Having already purchased seven features for the Nordic and Baltic markets, acquisitions manager Jakob Abrahamsson and distribution manager Johannes Glaumann, of Stockholm’s NonStop Entertainment, concluded their shopping spree at the EFM, signing for eight documentaries:

- US directors Michael Beach Nichols and Christopher K Walker's Welcome to Leith, about neo-Nazism in the US, in which a white supremacist attempts to take over a small town in North Dakota (from Submarine)

- US director Doug Aitken’s Station to Station, including 60 one-minute films featuring 60 different artists – such as Patti Smith, Jackson Browne and Cat Power – and shot on a 4,000-mile train voyage from the Atlantic to the Pacific (from Submarine)

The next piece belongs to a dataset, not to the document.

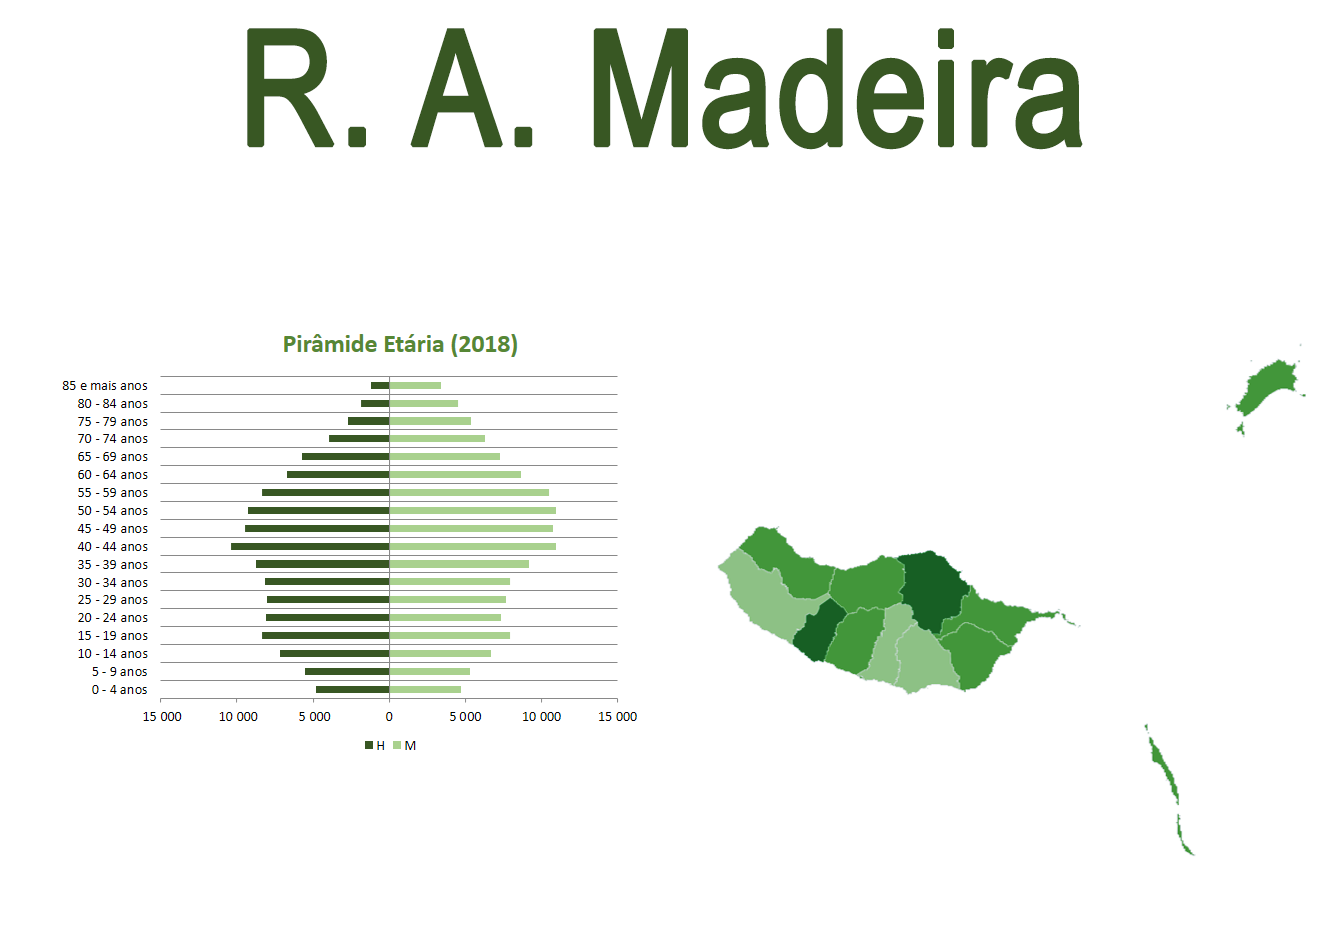 Mapa e Pirâmide Etária da Região Autónoma da Madeira

- US director Debra Granik's Stray Dog, her first film, which portrays Ron 'Stray Dog' Hall, a biker, Vietnam veteran and lover of small dogs (from Still Rolling Productions)

- US director Sara Dosa’s The Last Season, about an unexpected friendship between a Cambodian refugee and a Vietnam veteran (from Signpost Pictures)

- US director Ron Howard’s Made in America, following the Budweiser Made in America music festival, organised by US hip-hop artist Jay-Z, featuring such names as Kanye West (from The Exchange)

- US directors Martin Scorsese and David Tedeschi's The 50-Year Argument, a depiction of the history and influence of The New York Review of Books (from Cinephil)

- US director Mark Hartley’s Electric Boogaloo: The Wild, Untold Story of Cannon Films, about Israeli producers Menahem Golan and Yoram Globus, “two-of-a-kind men who (for better or worse) changed film forever” (from Mongrel)

- US director Ethan Hawke’s Seymour: An Introduction, in which the four-time Oscar-nominated actor (this year for Boyhood) explores the life and lessons of US piano teacher, composer and author Seymour Bernstein (from Cinetic Media).